Genre faire comme si le fait que nous utilisions le terme
scénario à la place de
préparation de partie relevait d'une confusion des sens telle qu'elle amenait à ne produire que des parties en mode toboggan (d'ailleurs est-ce qu'on comprend vraiment, en utilisant le terme
toboggan qu'on peut jouer au JDR ailleurs que dans un square ?). Comme si le fait de dire que le MJ avait le dernier mot rendait absolument identiques dans leurs application les systèmes de 90 % des JDR.
Comme si le fait qu'on utilise le terme jeu devait forcément impliquer qu'on se préoccupe de stratégie ludiques et d'avoir de réels défis à surpasser.
On pourrait caricaturer la position en reprenant l'expression
jeu de rôle et en se demandant si l'absence de pluriel sur "rôle" ne relèverait pas d'une grave méprise et que cela expliquait qu'on joue systématiquement avec un personnage unique.
J'aime bien les petits jeux éthimologico-logiques mais il faudrait un moment sonner la fin de la récré, se rendre compte que le langage utilise un vocabulaire fini pour désigner une réalité infinie, ce qui confère des frontières floues aux notions les plus complexes (dont font partie le
jeu, le
jeu vidéo, le
JDR) et qu'à un moment on avancerait plus en allant voir ce qui se passe au table de jeu qu'en faisant mumuse avec nos définitions.
Les frontières de la notion de
JDR, initialement très resserrées autour du wargame, ont grandi par l'effet de ce que Wittgenstein appelait l'
air de famille. Par petites variations on est arrivé à agrandir considérablement le champ de ce qu'on appelle
JDR au point qu'un étudiant joueur de Donjon en 1974 ne retrouverait plus ses petits s'il était projeté à notre époque.
C'est une excellente nouvelle parce qu'on libère progressivement des contraintes quitte à s'éloigner de ce qu'on pouvait entendre par jeu, par rôle, par JDR.
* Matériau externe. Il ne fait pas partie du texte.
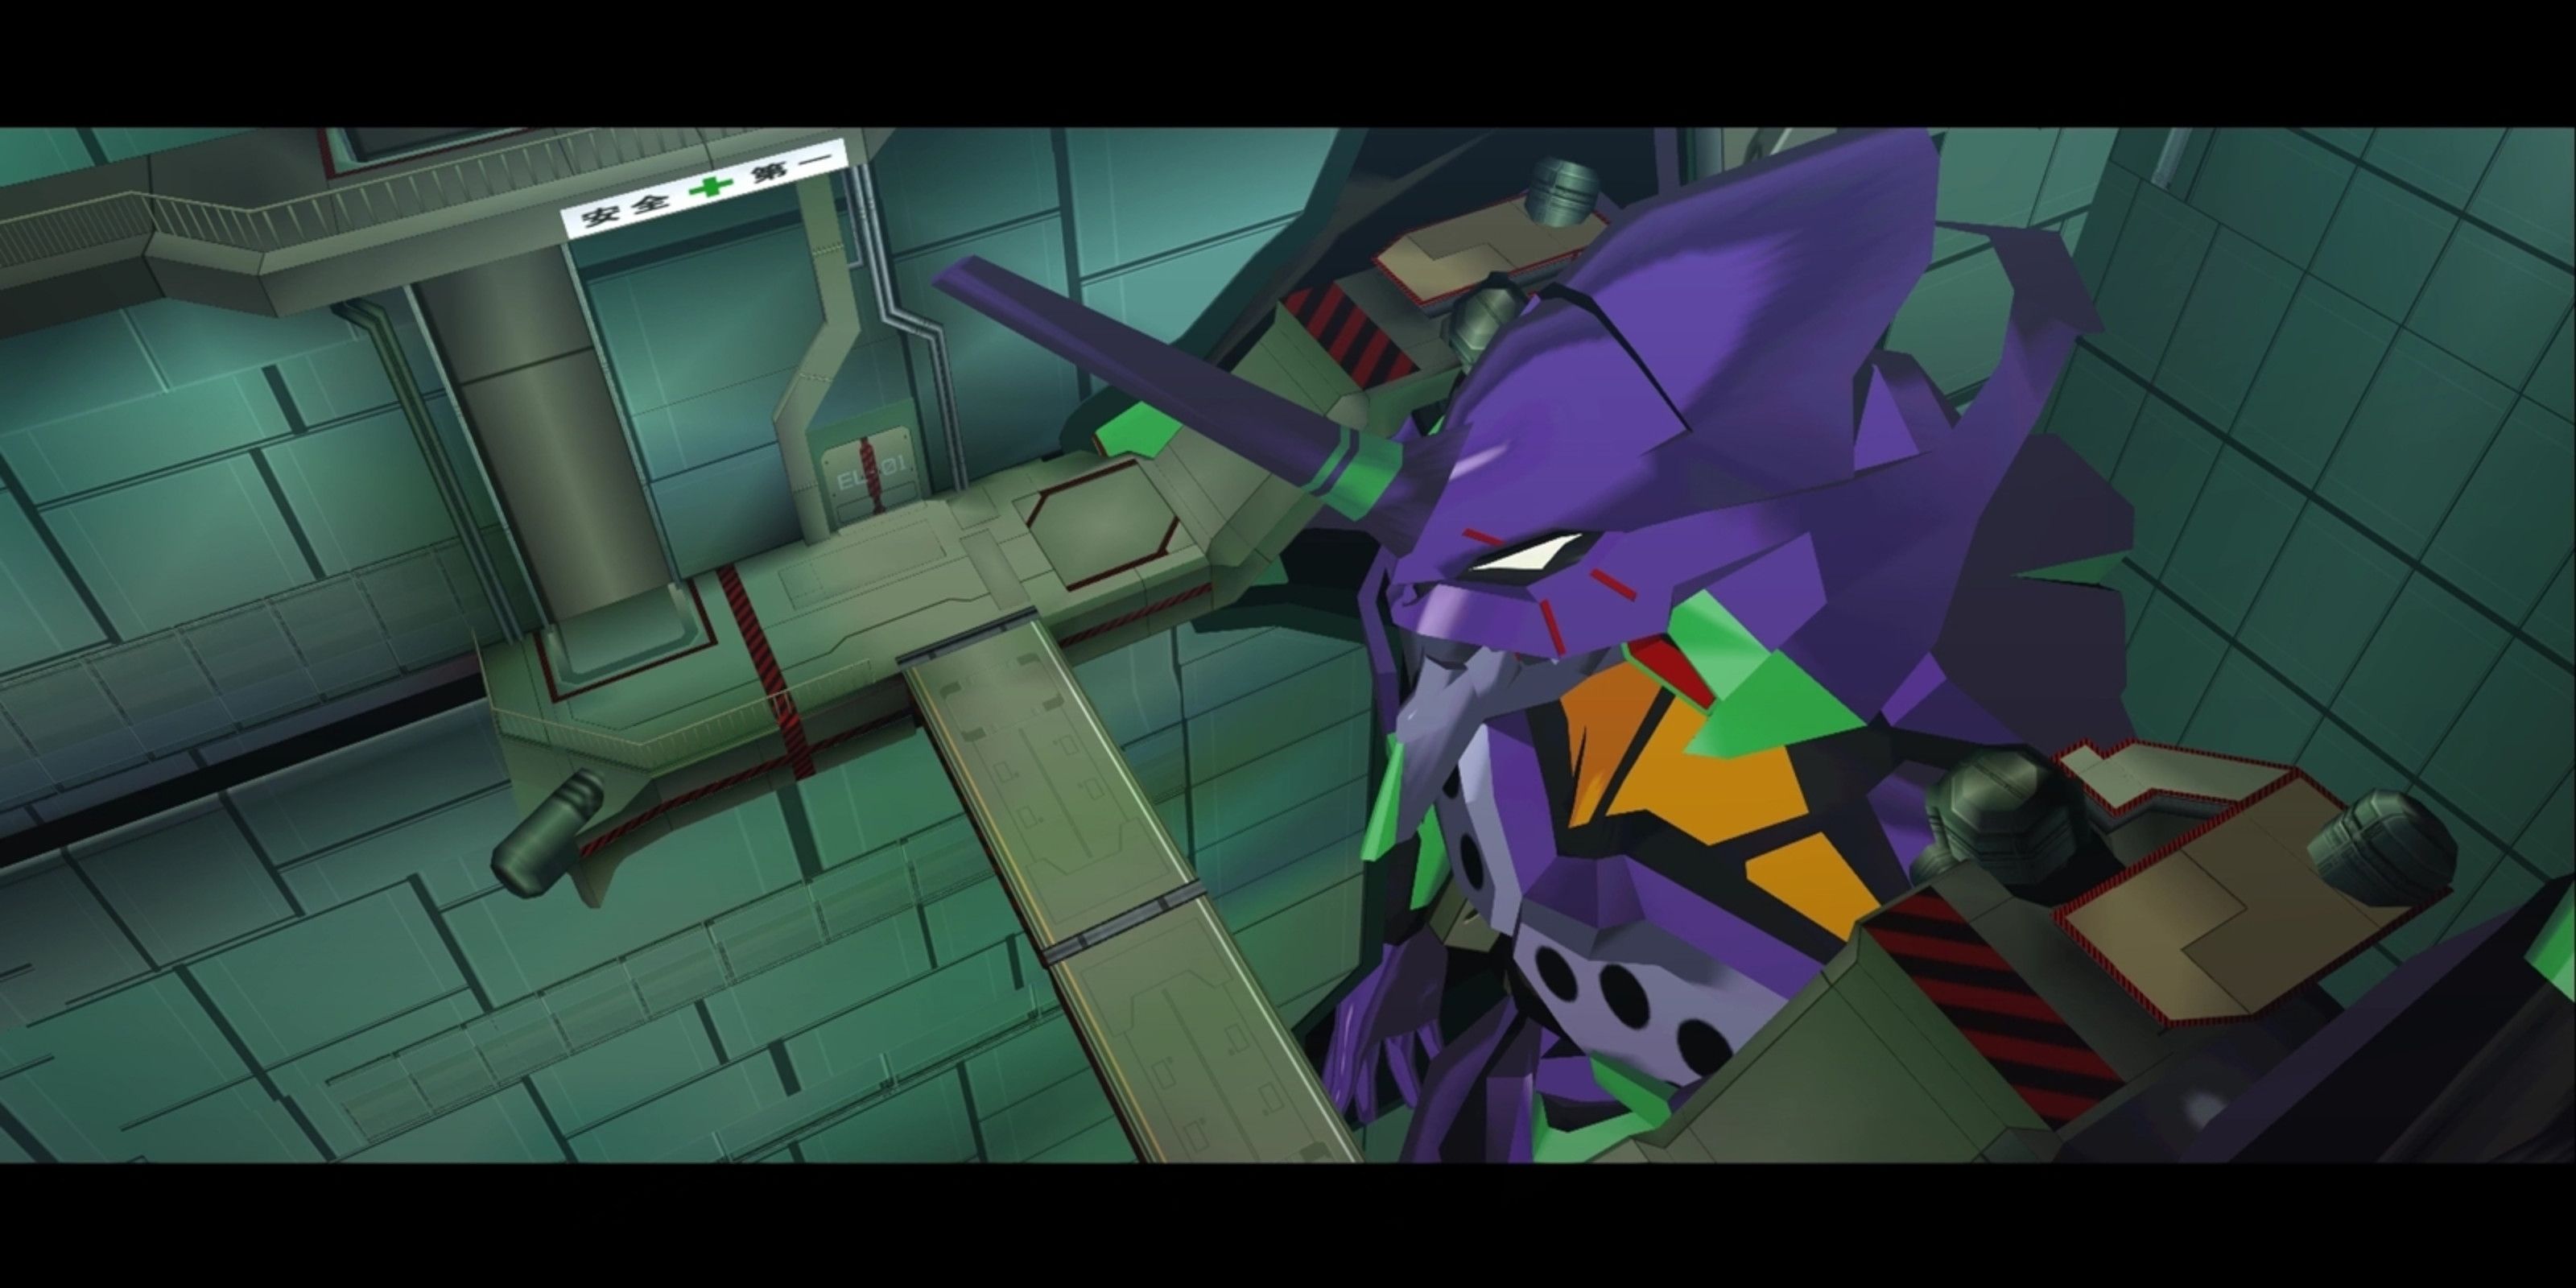 Shoot of Eva Unit 01 in 3D style of game

Je prends un exemple concret en comparant
Breaking the Ice et
Les Petites Choses Oubliées.
Le premier est un JDR attaché au défi ludique, on doit systématiquement se forcer à produire des descriptions de qualité pour séduire, on est confronté à l'aléa et au final l'avenir du couple n'est décidé que par les mécanismes ludiques (ce qui conduit souvent à des situations incompréhensible).
Le second ce détache de cette nécessité de lutter pour séduire mais, en ancrant sa temporalité autour d'une consultation post-rupture, donne une grande cohérence et surtout une grande consistance aux récits déployés entre les joueurs. Mieux, la décision finale n'est pas le résultat d'un affrontement contre le jeu mais une décision collective entre les joueurs. Celui lui permet de développer une autre vision du couple, paradoxalement tout aussi conflictuelle mais à mon avis beaucoup moins caricaturale et ce jeu est le fruit d'une définition large du JDR.
Vouloir isoler le
jeu narratif c'est perdre les outils d'analyse du JDR mais c'est aussi reconstruire un genre aux frontières extrêmement limitées. Bref on est de retour en 1974.
Peut-être que dans trente ans ce nouveau concept aura suffisamment élargit les frontières de sa définition (pourtant déjà floue) mais je n'ai pas particulièrement envie d'attendre et d'accepter de rebooter l'histoire créative de notre loisir.